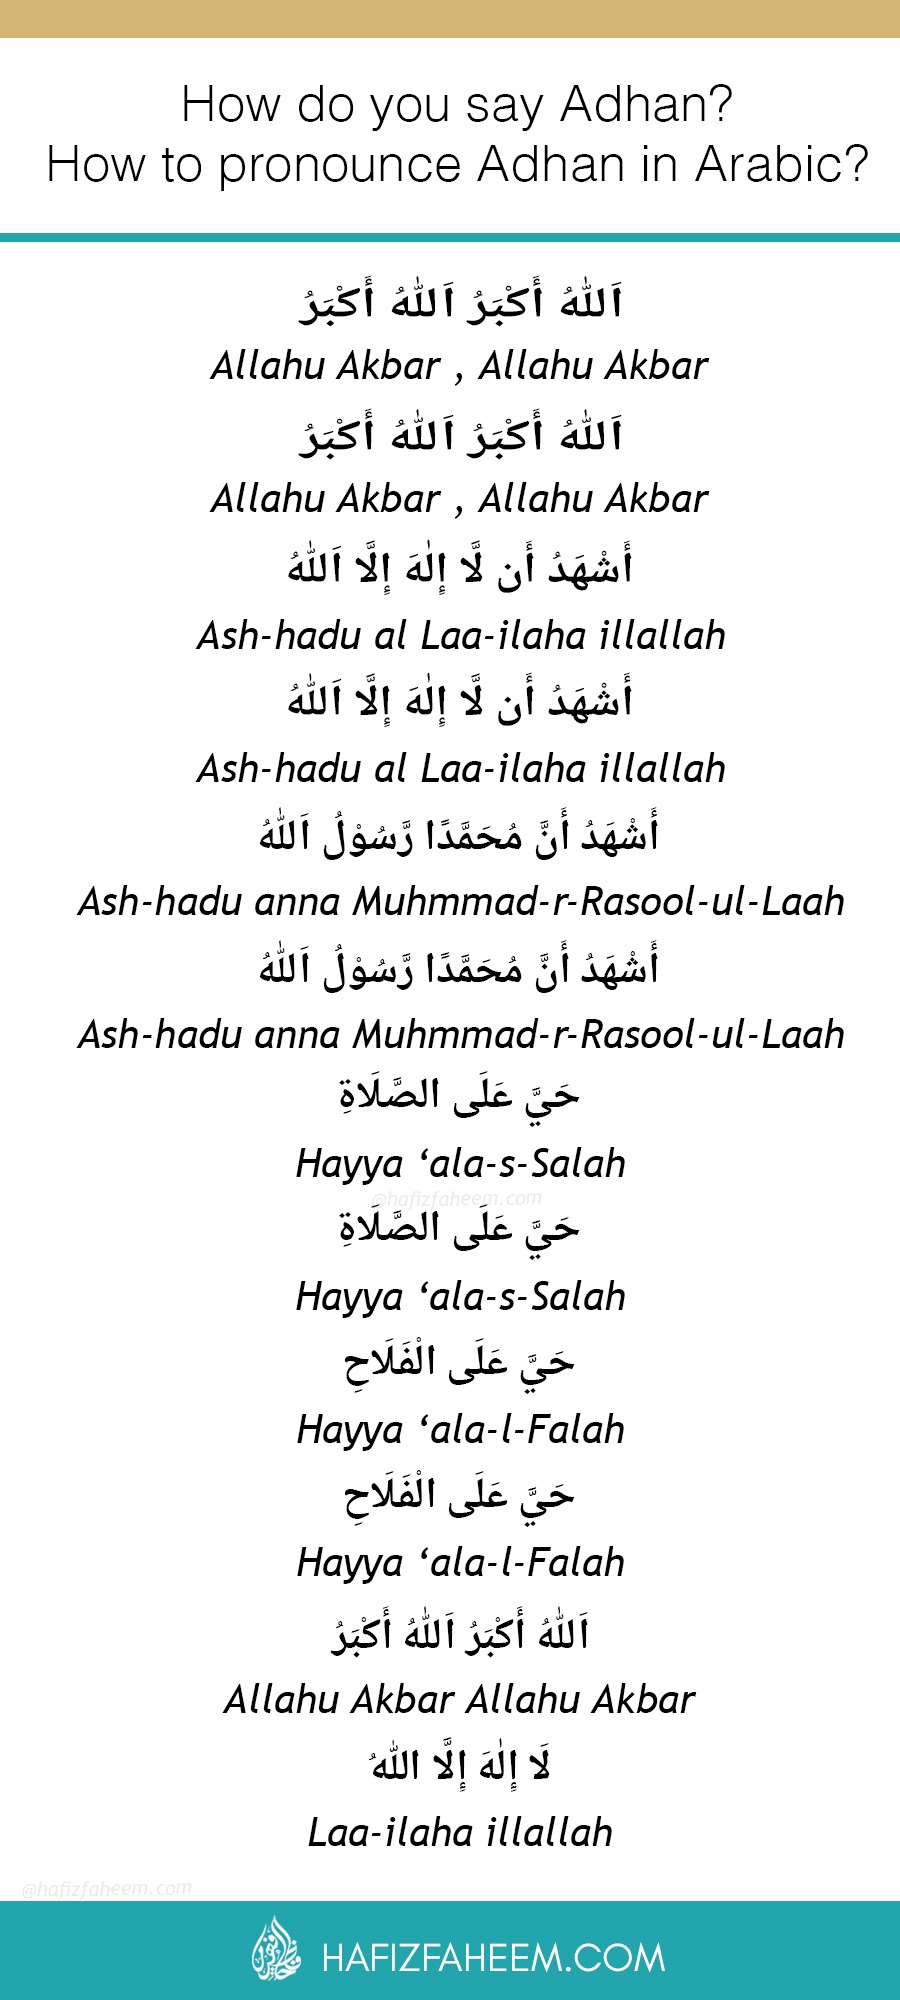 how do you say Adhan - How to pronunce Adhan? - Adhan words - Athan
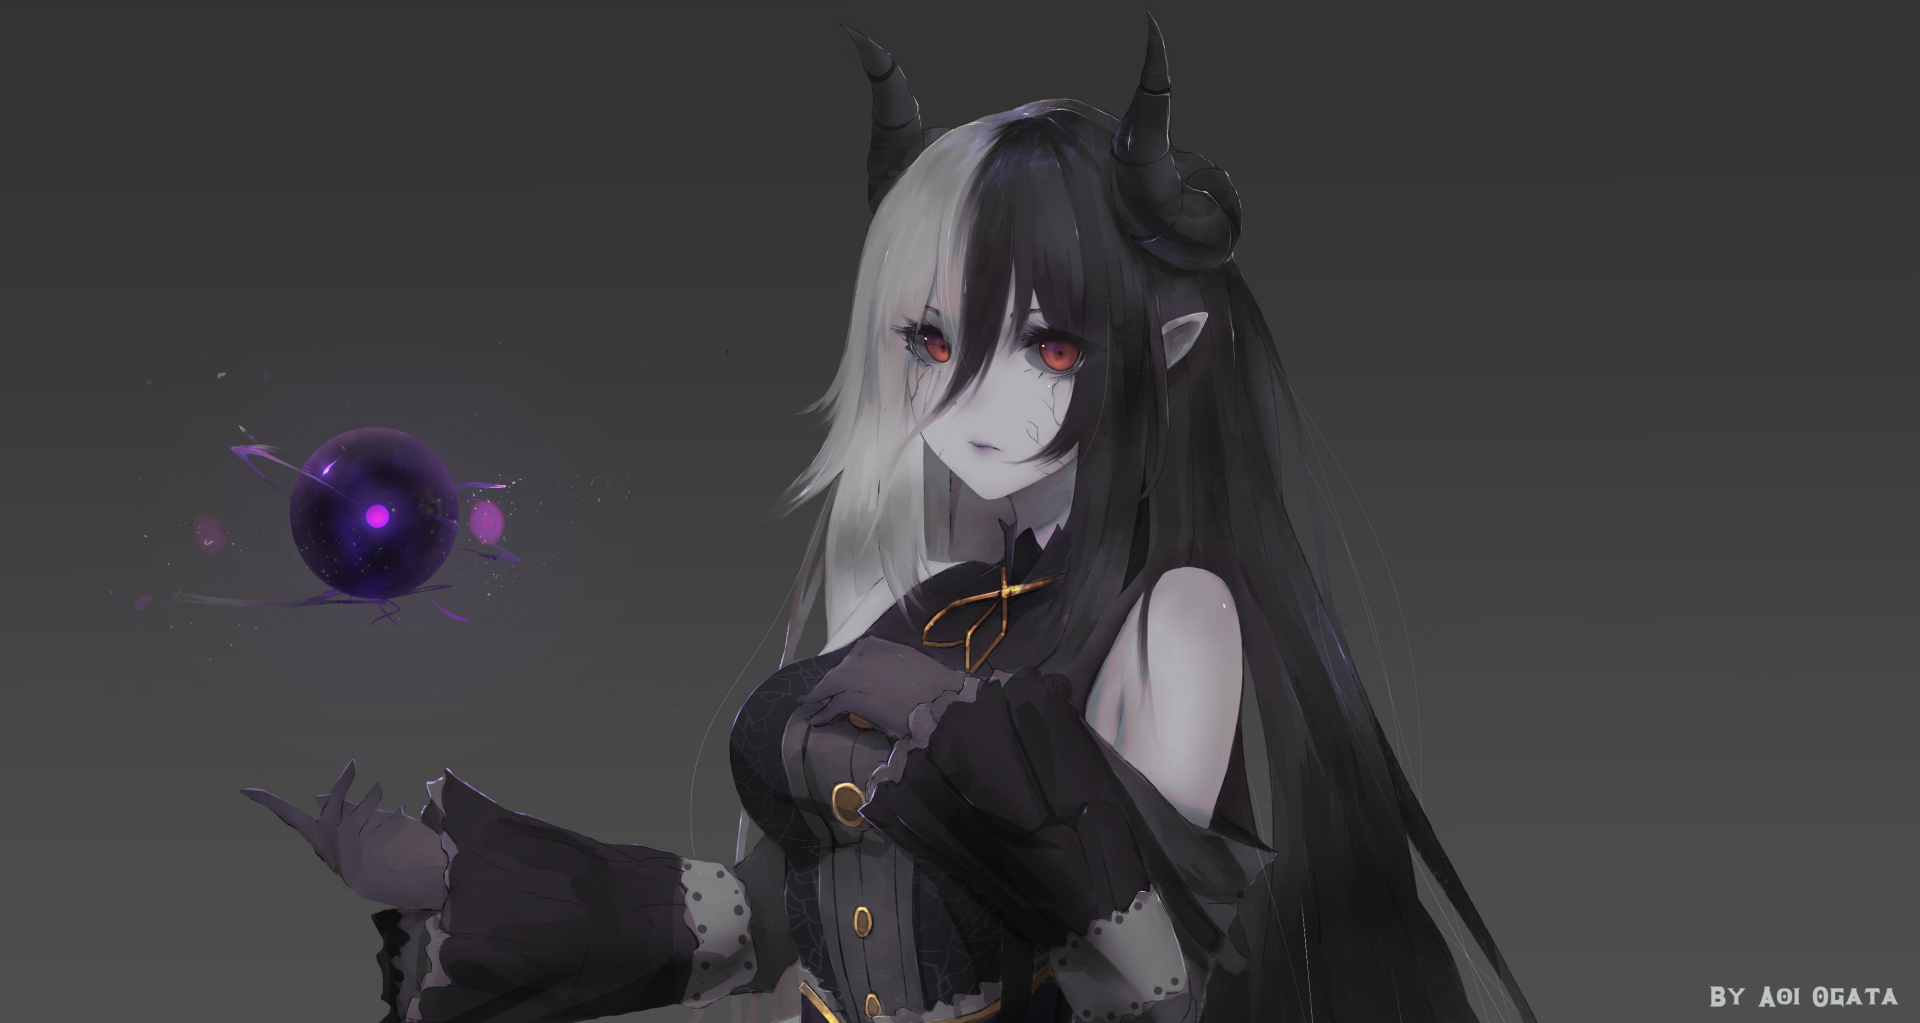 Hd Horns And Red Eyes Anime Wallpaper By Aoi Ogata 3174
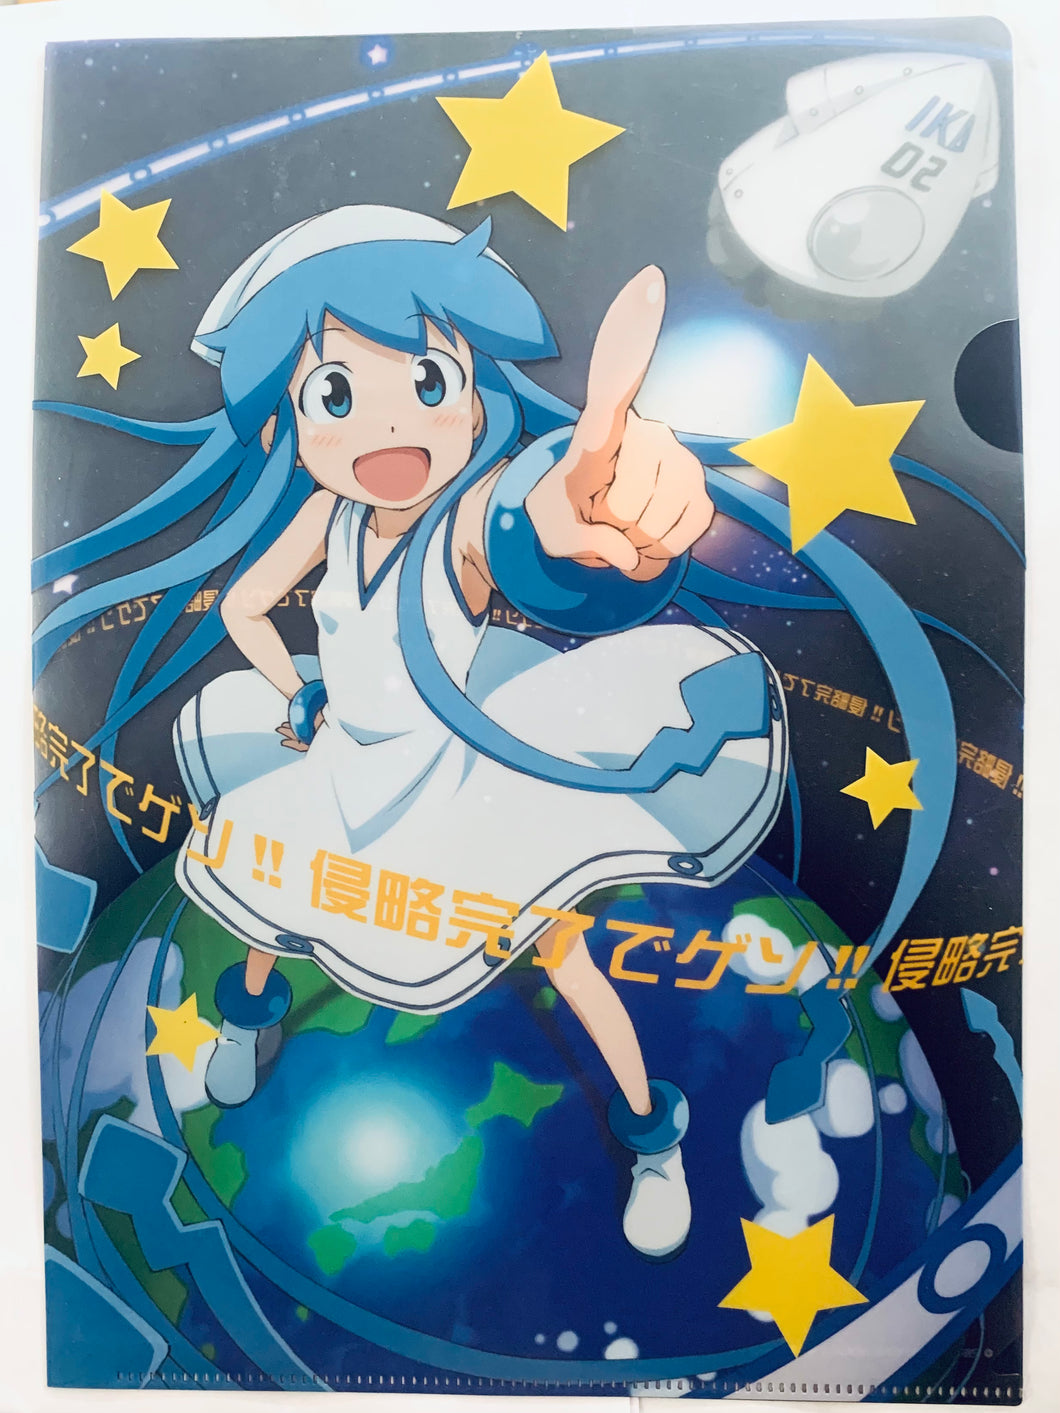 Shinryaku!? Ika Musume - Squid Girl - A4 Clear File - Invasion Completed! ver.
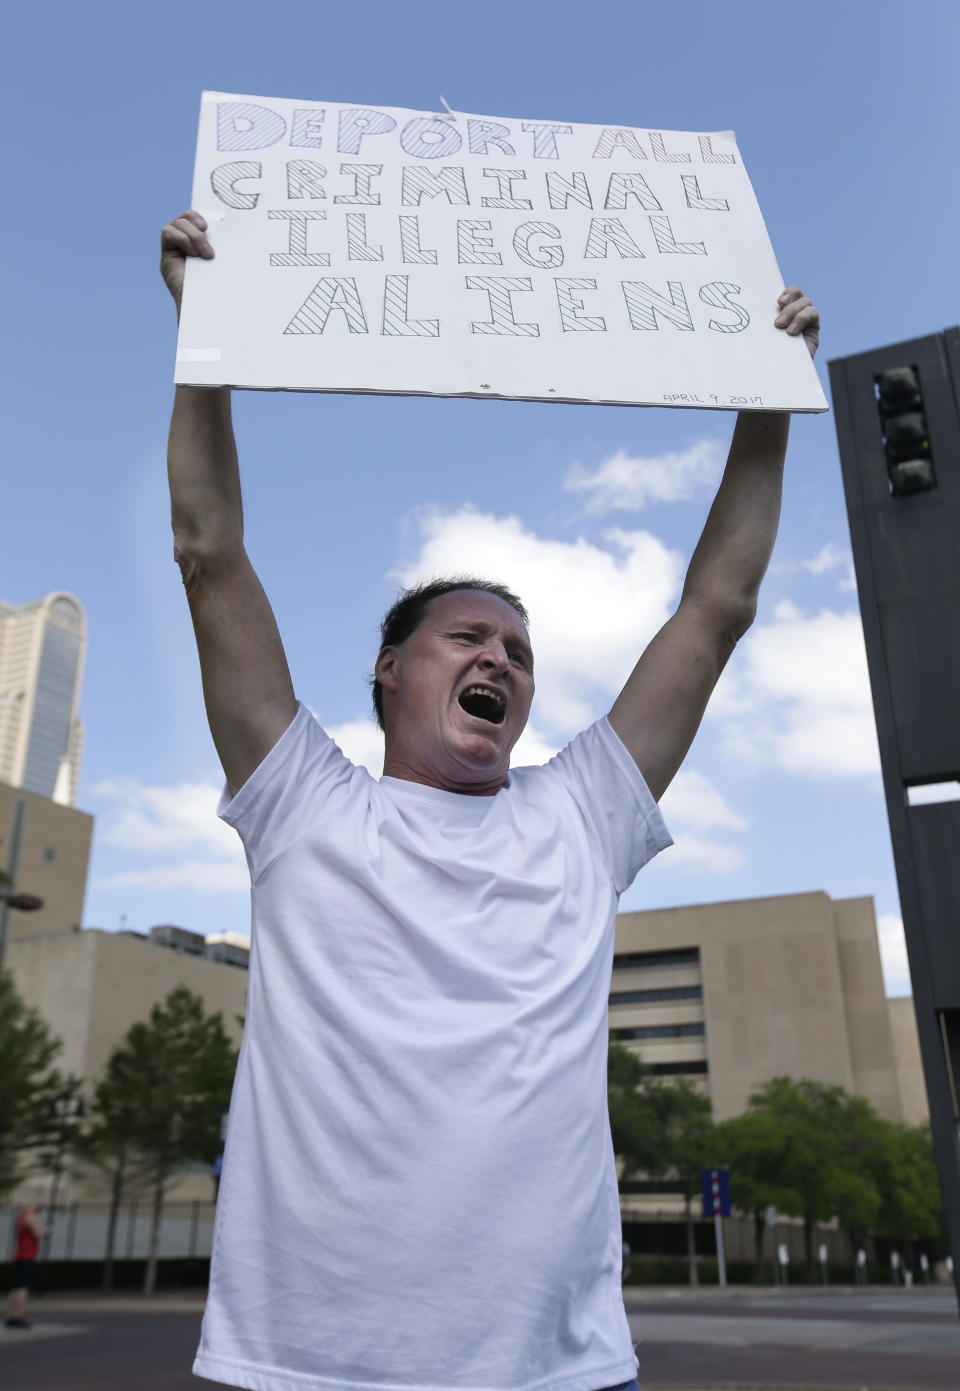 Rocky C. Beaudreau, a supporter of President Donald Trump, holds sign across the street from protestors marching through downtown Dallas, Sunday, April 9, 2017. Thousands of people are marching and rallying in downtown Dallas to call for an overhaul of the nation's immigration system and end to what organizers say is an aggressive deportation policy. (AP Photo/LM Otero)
· · · · · · ·
WHAT IS BEING ASKED:
Give back exactly the lines from the opening of the listing through the line holding "Shinryaku!? Ika Musume", both ends included, with every picture omitted.

ANSWER SPACE:
 how do you say Adhan - How to pronunce Adhan? - Adhan words - Athan
 Hd Horns And Red Eyes Anime Wallpaper By Aoi Ogata 3174
 Shinryaku!? Ika Musume - Squid Girl - A4 Clear File - Invasion Completed! ver.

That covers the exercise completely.